The U.S. Energy Information Administration (EIA) recently released its Annual Energy Outlook for 2017 (AEO 2017), which provides projections through 2050. One of the more interesting results from this year’s release is the EIA’s reference case projection of an enormous increase in long-term solar PV capacity in the Southeast.
Utility-scale solar PV capacity in the U.S. has expanded rapidly over the past several years, climbing from 1.6 GW in 2011 to an estimated 19.7 GW by the end of 2016 (rooftop PV capacity has also increased, but this article focuses only on utility-scale installations).

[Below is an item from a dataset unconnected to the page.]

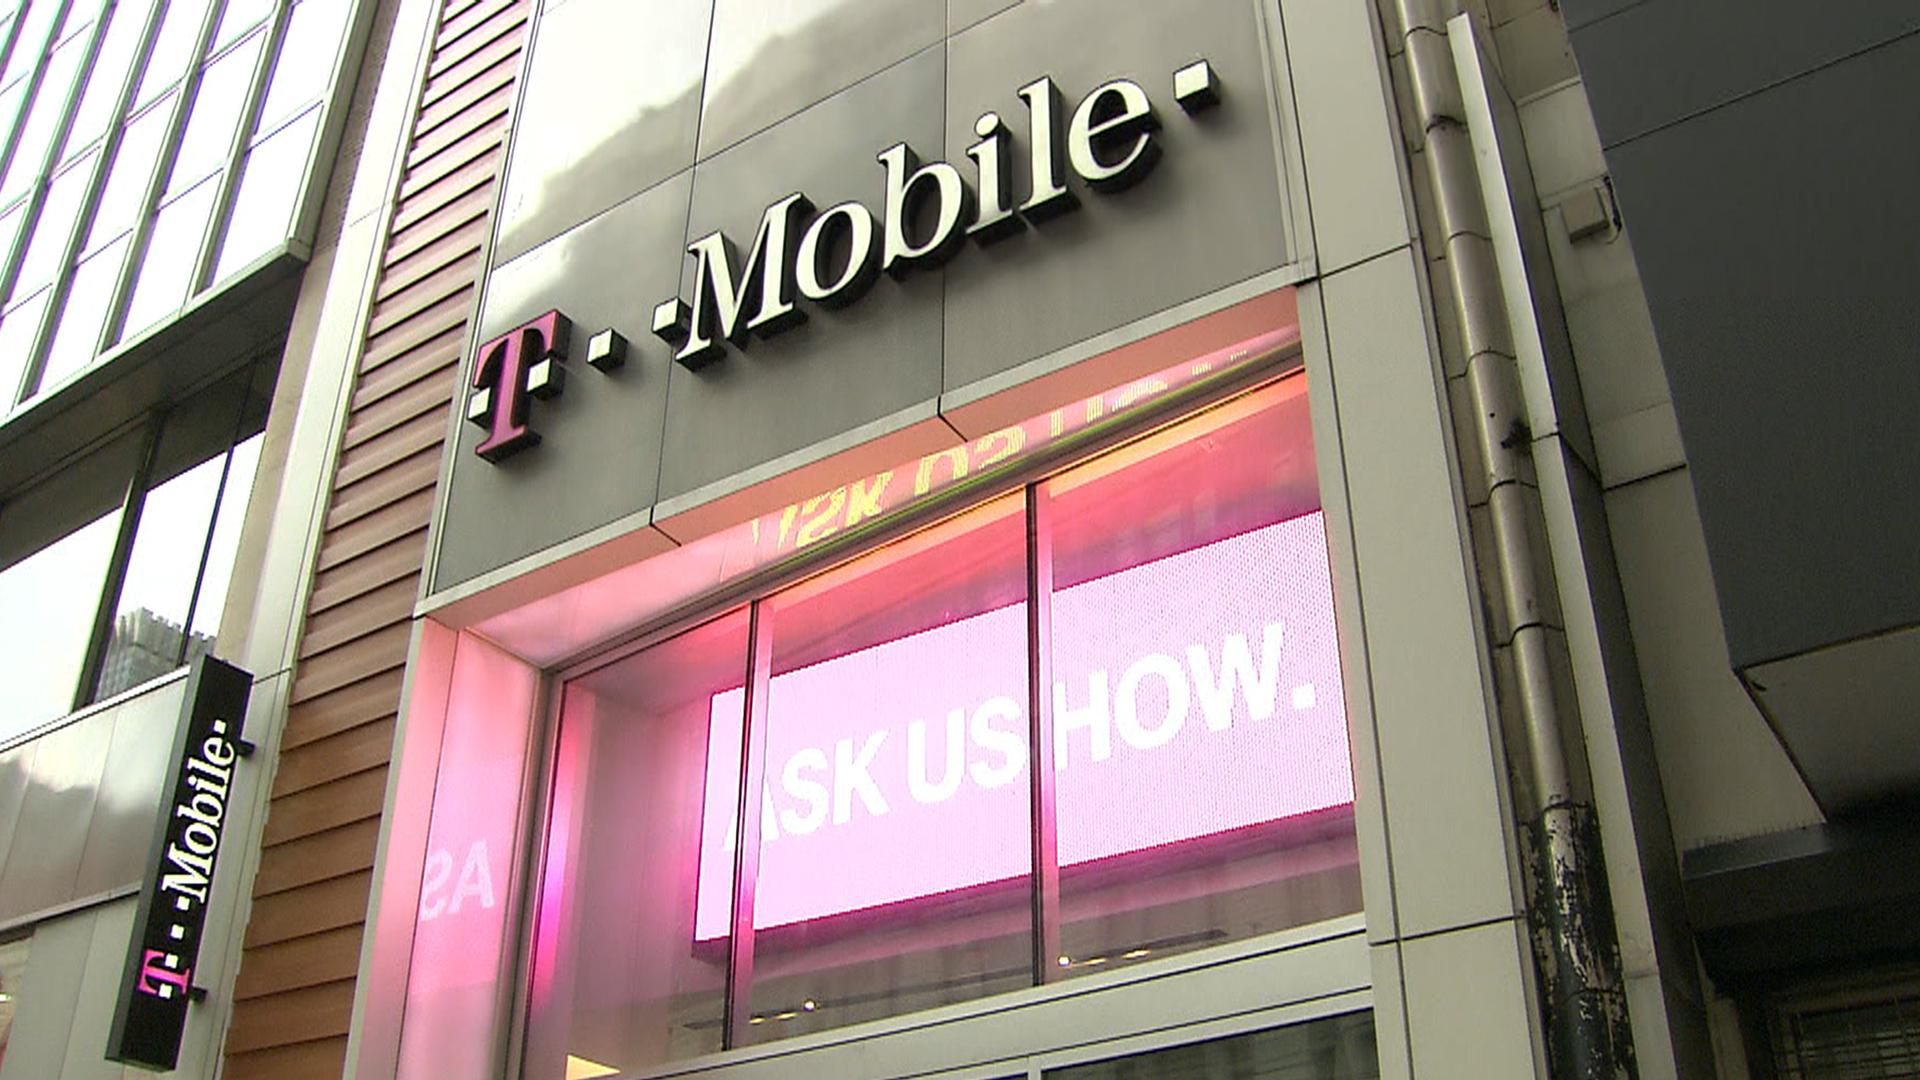 T-Mobile customers' stolen taken after Experian hack

One driver of the utility-scale solar capacity expansion has been the federal Investment Tax Credit (ITC) that provides a one-time tax credit equal to 30% of the total solar project costs. Yet, despite the ITC being available in all states, solar capacity remains heavily concentrated in a few key markets, with nearly 50% of capacity in California alone. Only three states have more than 1 GW of installed solar PV capacity, while 27 states have less than 5 MW.
Solar development has been particularly slow to non-existent in the Southeast, a somewhat unexpected outcome given the region’s high quality solar resource. South Carolina, Alabama, Mississippi and Louisiana all have less than 70 MW of installed capacity, while Florida and Georgia have slightly more (261 MW and 914 MW, respectively).

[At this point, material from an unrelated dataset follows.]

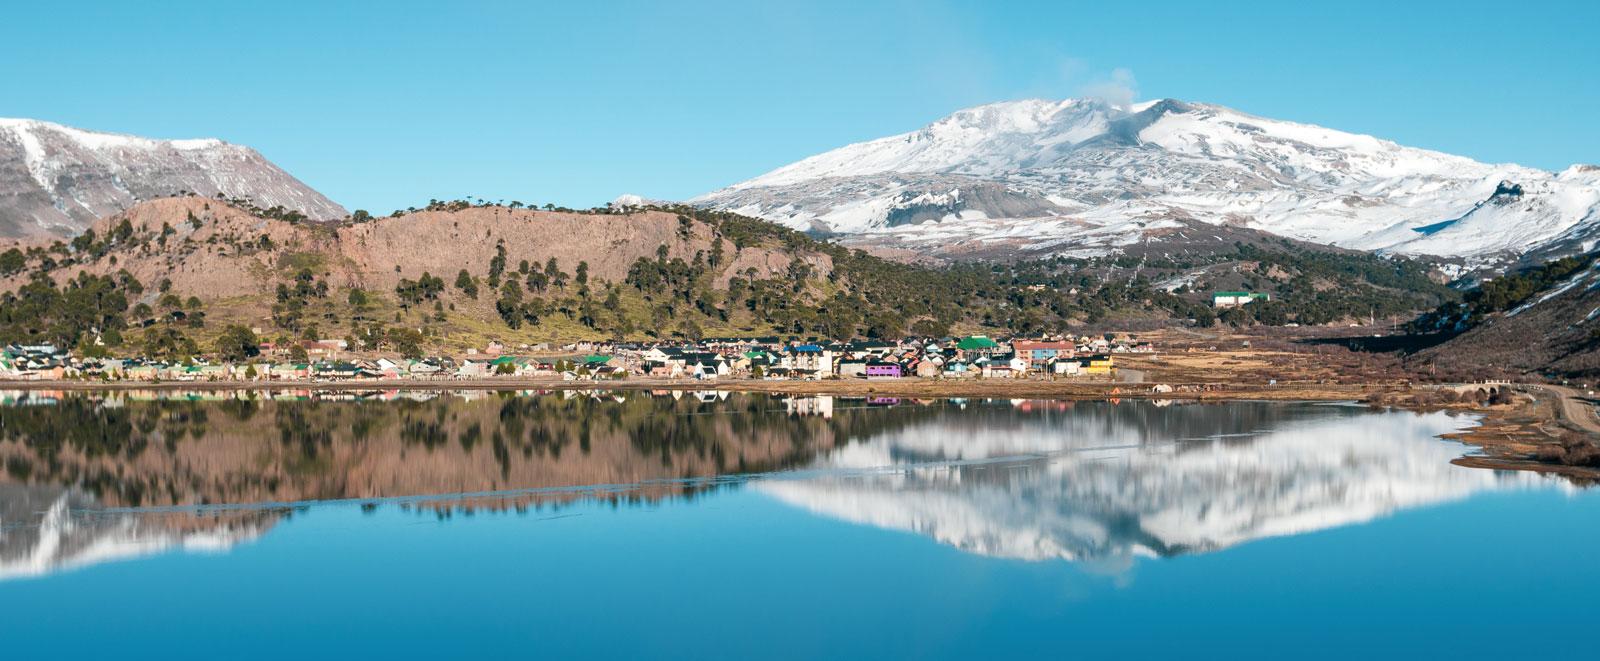 The town of Cavihavue. Photo Courtesy: Ben Girardi - Adventure in Argentina

Much of this solar concentration is directly attributable to special state solar incentive programs, most notably state Renewable Portfolio Standards (RPS). Currently, 29 states plus the District of Columbia having binding RPS programs, which require a set amount of retail electricity sales to be supplied by qualifying renewable energy resources.

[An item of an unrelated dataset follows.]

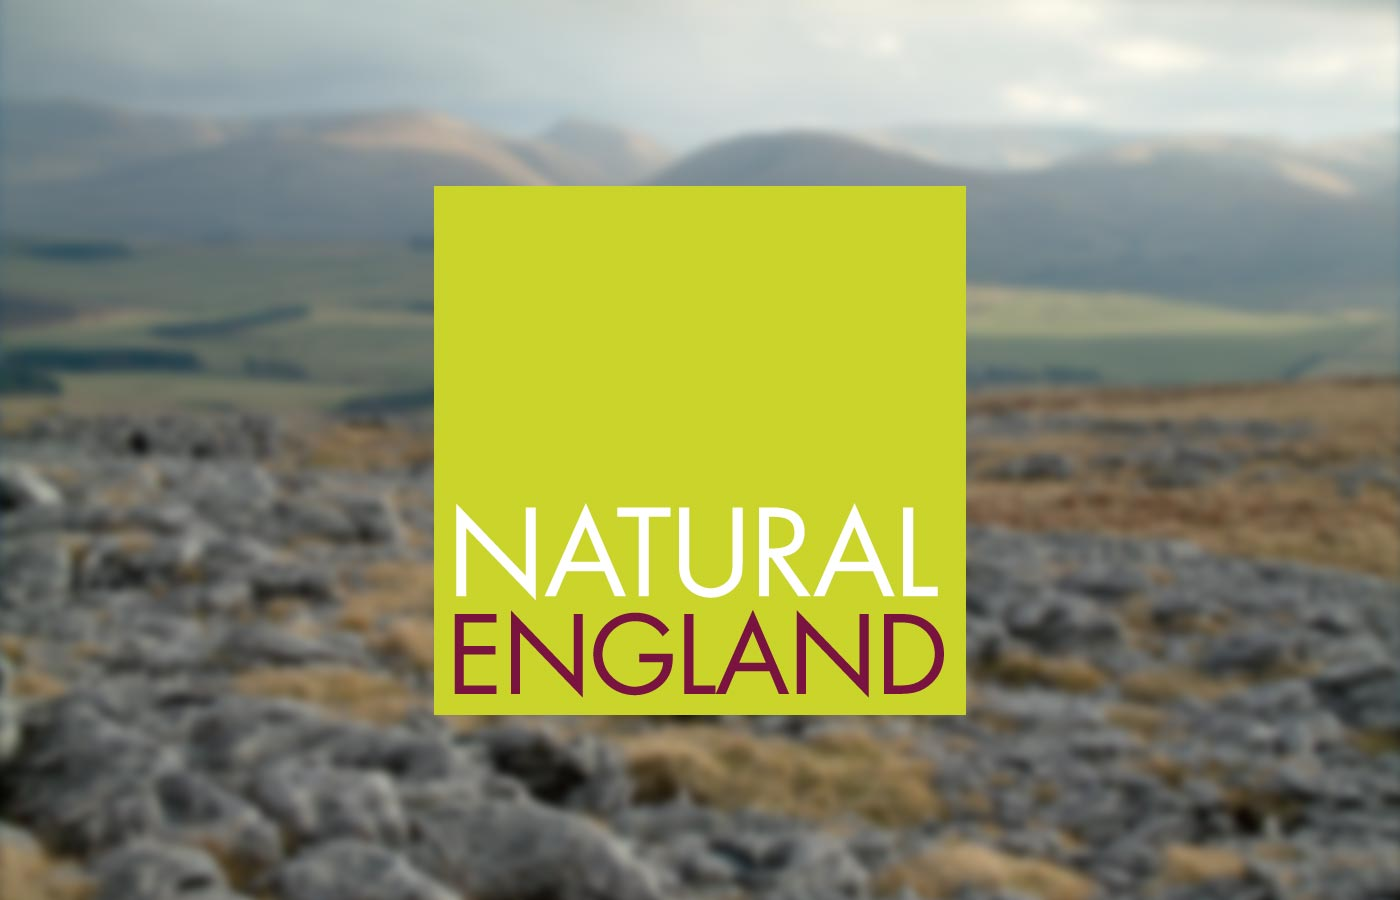 Natural England Poster Campaign Design

The Southeast, however, is largely void of RPS programs. The region also offers PURPA “avoided cost” rates that have, thus far, been too low to support new solar PV projects to move forward as Qualifying Facilities (QFs).
In the Southeast, only North Carolina has an RPS, requiring 12.5% of sales to be sourced from renewable energy by 2021. Until 2016, the state also offered a 35% ITC for solar projects, to be used in addition to the federal ITC. As result, North Carolina is the only state in the region with significant solar PV capacity, totaling 2.1 GW as of end-2016. In neighboring states without an RPS or other incentive programs, solar developers have been largely unable to offer PPAs below PURPA-based avoided cost rates.
Given the poor existing solar market conditions in the region, it is somewhat surprising that AEO 2017’s reference case projects that of the 93 GW of new solar PV capacity additions between 2015-2040, 78.4 GW (or 85%) of that capacity will be built in the Southeast. The graphs below show the AEO projections for four of the six southeastern modeling regions.
These results are well above EVA’s long-term projections and indeed, are well above those from EIA’s AEO 2016, as well. Given the magnitude, the numbers merit a closer look.
The most important caveat is that the AEO 2017 reference case incorporates EPA’s Clean Power Plan (CPP), which is now likely to be abandoned. There is little doubt that the CPP spurred a significant portion of the modeled new solar build activity. AEO 2017’s No Carbon case, for example, projects only 58 GW of new solar PV, versus 93 GW in the reference case. No regional breakout was provided for the No Carbon case, but a large chunk of the variance is likely in the Southeast.
Yet beyond the CPP, there are two other drivers of solar PV capacity additions in the region that may persist even without carbon legislation. The first is EIA’s assumption for continued declines in solar PV costs, which are projected to fall from ~$2,100/kw in 2016 (excluding ITC) to $1,500/kw in 2040. If costs do reach that level, solar developers in the Southeast may be able to offer PPAs competitive with other technologies or PURPA avoided cost rates.
The other remaining driver for solar PV growth in the Southeast (especially post-2030) is the projected retirements of nuclear and coal capacity. In AEO 2017, much of this capacity is modeled to be replaced with solar PV. Replacement of a baseload capacity with highly variable solar capacity could present some grid reliability challenges. Further, in a No Carbon case, it is likely that CCGTs will remain a lower cost option than solar PV in the region—unless, solar PV costs fall more dramatically than EIA predicts.
Thus, while solar PV does offer some promise in the sunny Southeast, a closer look at AEO’s reference case projections suggests they are likely overly optimistic.